Genta beralih menatap Laras yang juga menatapnya. Hanya sepersekian detik, karena setelah itu barulah Genta mendekat ke arah Cinella dengan kotak P3K di tangannya.

"Nih." Genta menyerahkan kotak berwarna putih dengan tanda plus berwarna merah itu ke tangan Cinella. "Obati lukaku."

Cinella gelagapan. Apa? Mengobati luka Genta?

"A-aku–" Ucapan Cinella menggantung karena kini Genta sudah mendudukkan dirinya di kursi penumpang. Diikuti Desta yang duduk di kursi depan dan Radit yang memilih menyandar di sisi mobil Genta.

Melihat Laras diam, Desta meminta bantuan cewek itu untuk membersihkan lukanya. Sedikit kaget, karena selama ini Laras sama sekali belum pernah membantu membersihkan luka orang lain. Urutan pengobatan pun dia sama sekali tak tahu. Maka yang dilakukan adalah mengikuti apa saja yang dilakukan Cinella terhadap luka milik Genta.

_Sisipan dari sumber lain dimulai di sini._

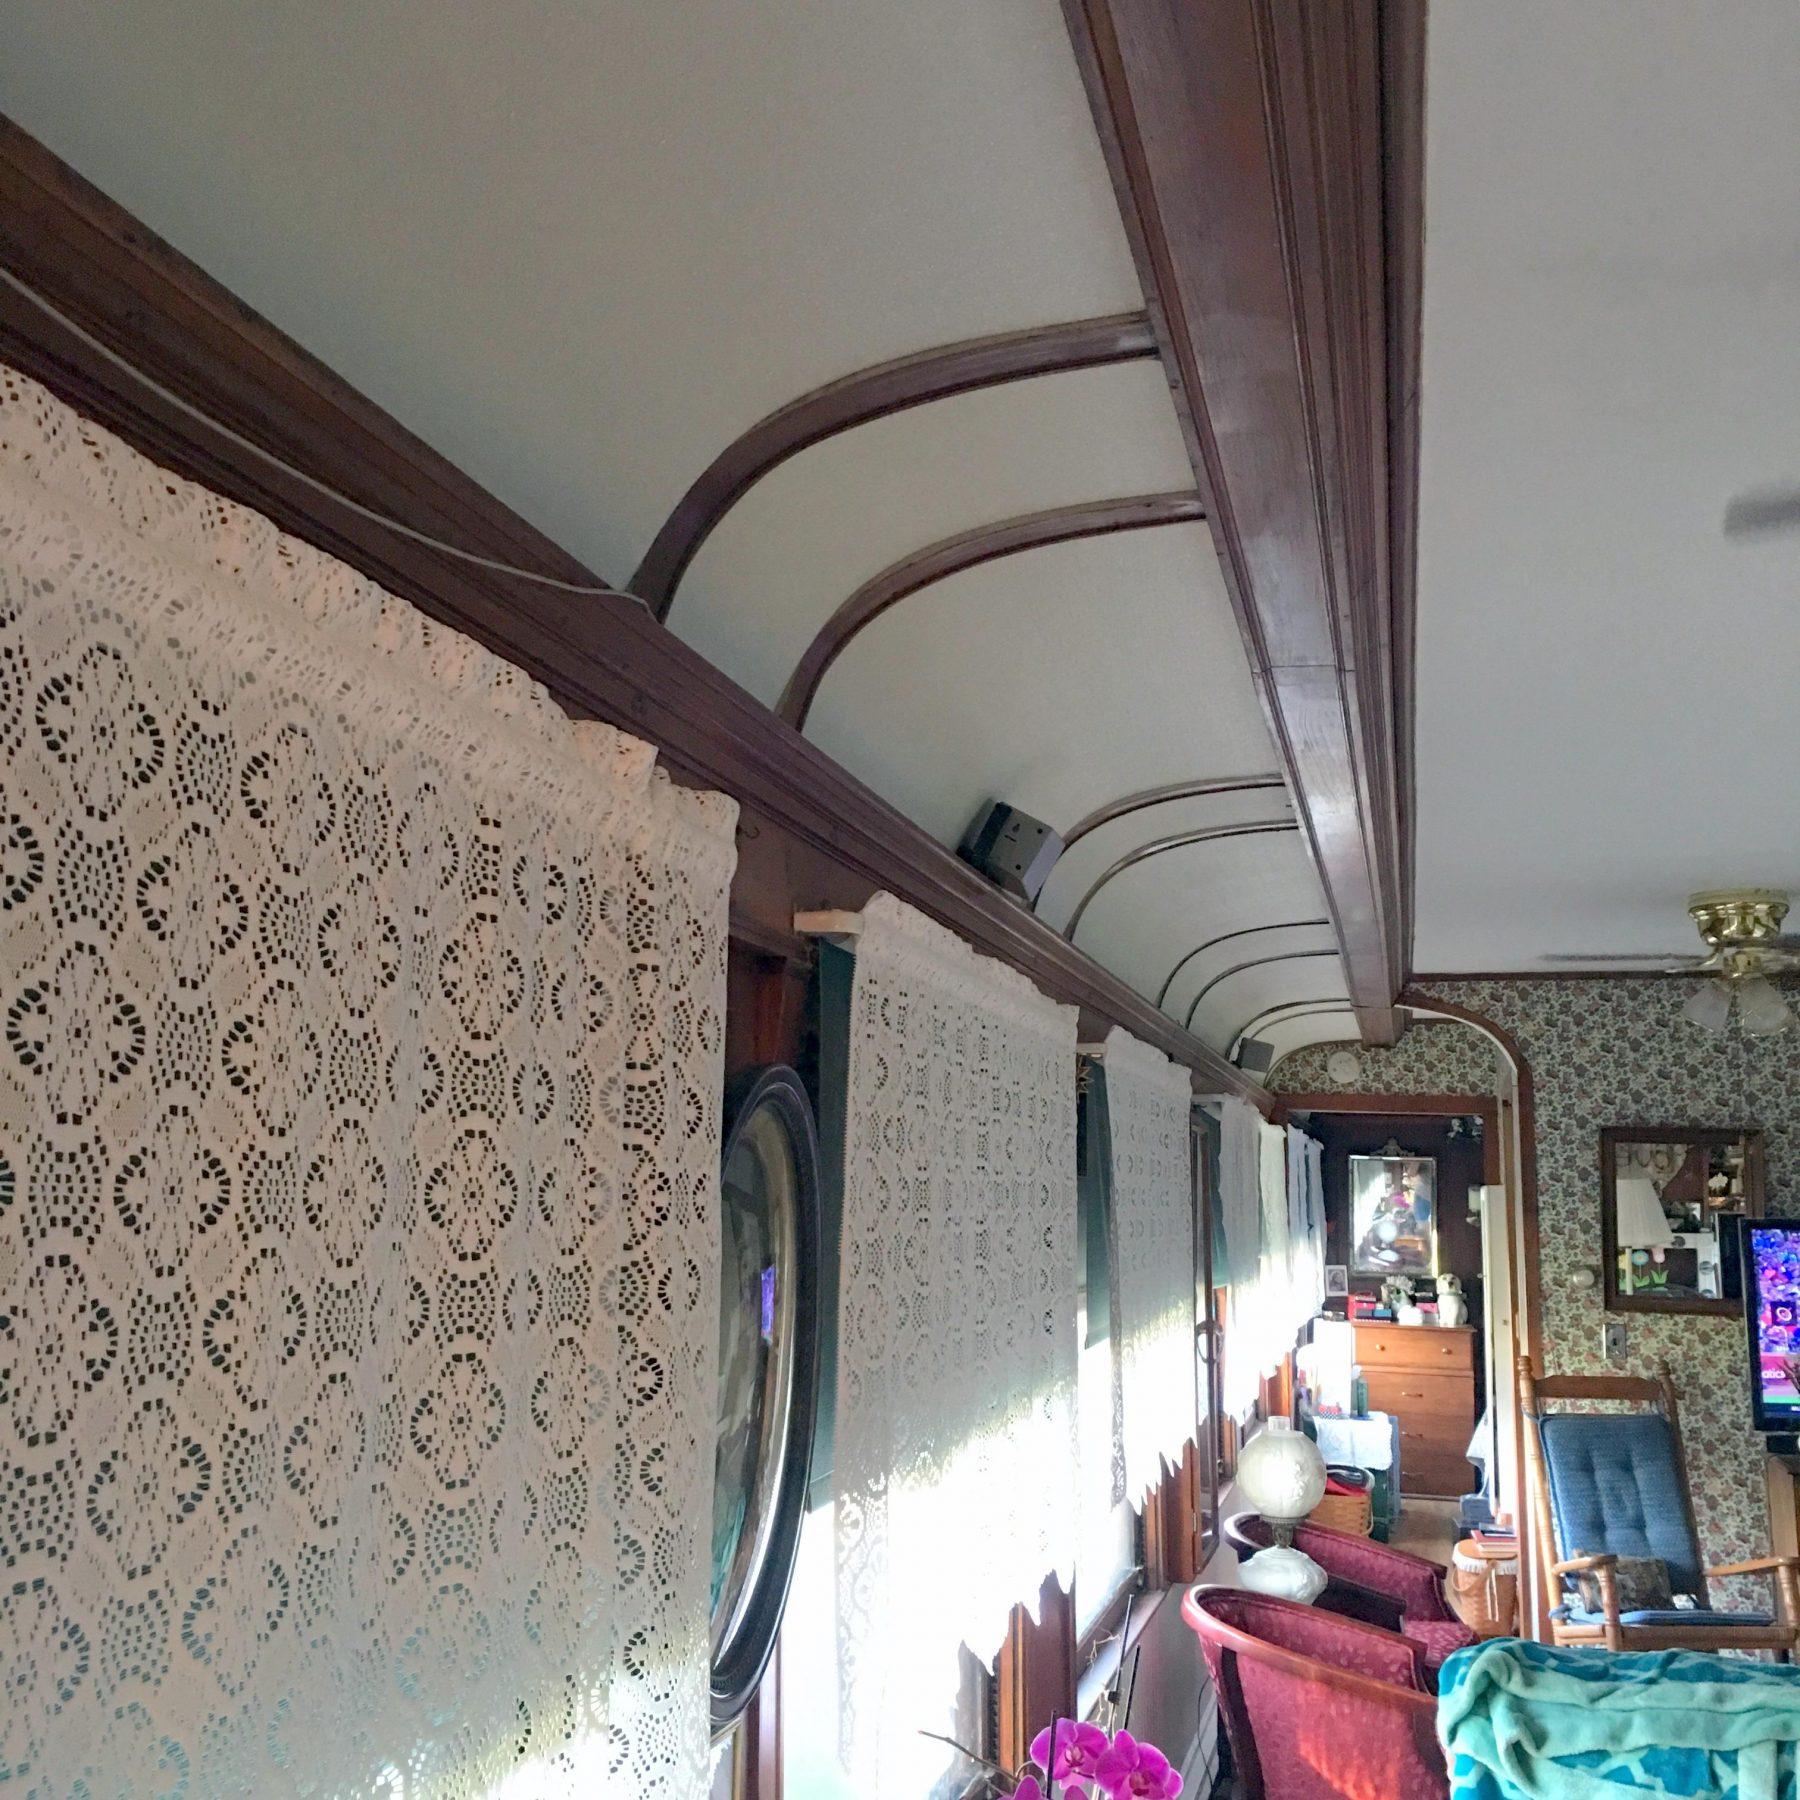 Maxson dome ceiling

Tahapan demi tahapan mulai dilakukan oleh Cinella. Sesekali terdengar ringisan dari mulut Genta saat kapas yang dipegang Cinella menyapu pelan kulitnya yang terluka.

Saat kapas itu menyentuh area sudut bibir Genta, laki-laki itu refleks memegang tangan Cinella yang terulur. Refleks pula Cinella menepis tangan itu karena kaget. Lagipula, rasanya aneh jika ada tangan lelaki yang menyentuh dirinya. Bayang-bayang lelaki berengsek beberapa tahun silam itulah yang akan muncul di dalam benaknya.

"Maaf," gumam Genta pelan.

Cinella mengerjap cepat lalu kembali fokus membersihkan luka Genta yang lain. Tangannya sedikit gemetaran, dan hal itu tentu tak luput dari tatapan intens Genta.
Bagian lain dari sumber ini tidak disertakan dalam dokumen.